Cecil’s economy may have verged on parsimony, and his mistress was as sharp in money matters as her grandfather; hard things are always said of a Government which takes Peace and Retrenchment for its motto. But peace and retrenchment were a stern necessity, and in many respects the parsimony has been exaggerated; at any rate, the expenditure was thoroughly well directed. Later in the reign it would probably have been sound policy to spend more, particularly in Ireland, where efficiency was sacrificed to economy; but outside of Ireland the nation got good value for every penny of outlay. In finance, as in other matters, Cecil habitually followed the maxims of caution. Consistently with this attitude, we do not find him striking out new economic theories. He believed, as nearly every one believed three hundred years ago, that new industries had very little chance of being established without the artificial stimulus of monopolies and patents to prevent competition—a system which always appeals most convincingly to the monopolist, but less convincingly to the consumer and the would-be competitor, as Elizabeth found before the end of the reign. Whatever we may think of the methods adopted to foster and encourage trade and the development of new industries, Cecil is at least entitled to full credit for recognising that this was the direction in which the compensation and the remedy for agricultural depression were to be sought.

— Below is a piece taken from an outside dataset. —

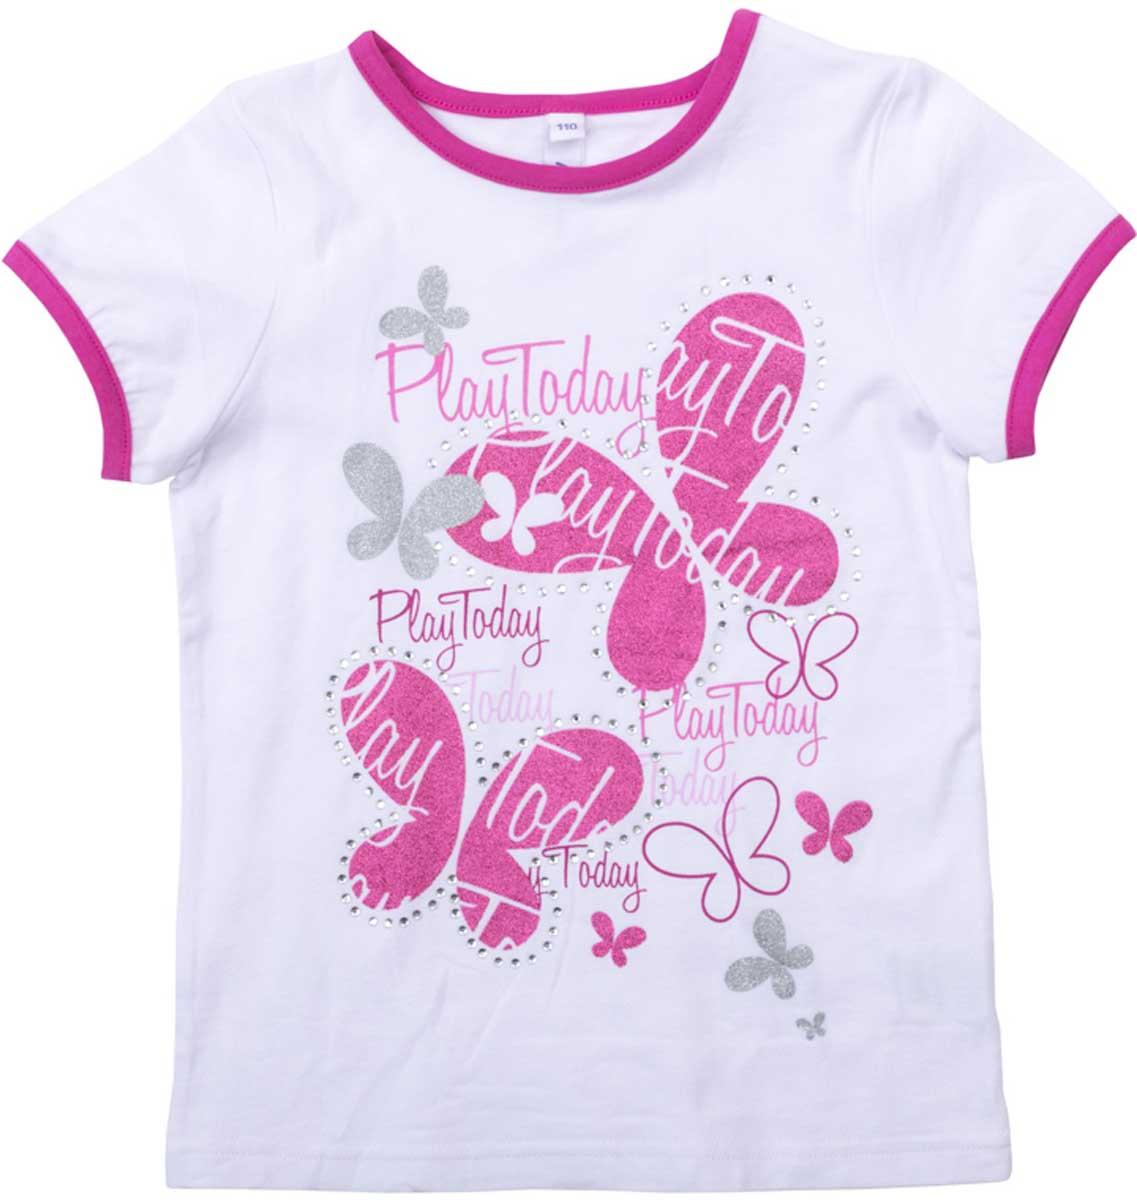 Футболка для девочки PlayToday, цвет: белый, розовый. 172068. Размер 116172068Футболка для девочки PlayToday свободного классического кроя прекрасно подойдет как для домашнего использования, так и для прогулок на свежем воздухе. Рукава на мягких резинках. Можно использовать в качестве базовой вещи повседневного гардероба вашего ребенка. Яркий стильный принт является достойным украшением данного изделия.

The subject of the secretary’s financial reforms has carried us on to a general account of principles which were only gradually illustrated in the progress of the reign. The third question which engaged his immediate activities on Elizabeth’s accession was the policy to be followed in dealing with Scotland.
Traditionally, Scotland was the friend of France and the enemy of England; from which it followed in a general way that Scottish malcontents habitually looked to England for open or secret countenance, and very commonly got it. To foster divisions in Scotland was one way of preventing her from becoming too actively dangerous a neighbour, and the plan had been very sedulously followed, especially throughout the reign of Henry VIII. The Scottish clerics since the days of Bruce had always been strongly anti-English, a term which was almost equivalent to Nationalist. Both James and David Beton had been especially hostile; while, during the progress of the Reformation, the Cardinal was a rigorous and cruel persecutor of heresy. Henry, with all his pride of orthodoxy, had no objection to heresy in the northern kingdom, where Protestant and mal-content were nearly synonymous. Had England devoted her attention simply to giving the Protestants such support as would have secured them a predominance conditional on the support being maintained, diplomacy might have achieved the union of the crowns by the marriage of King Edward to his cousin of Scotland; but Henry and Somerset between them, by the re-assertion of English sovereignty and by the appeal to arms, had roused in Protestants as well as Catholics the nationalist sentiment which would not endure subjection to England at any price. The child-queen had been carried off to France and betrothed to the Dauphin; and in the years that passed before the actual marriage the Catholics had held the mastery; Mary of Guise was regent, and her power was maintained by French support and French troops. Thus the Scots began to realise that there was a danger, when their own Queen should be Queen of France also, that Scotland might become an appendage of France. Scotland was no more willing to be subject to France than to be subject to England.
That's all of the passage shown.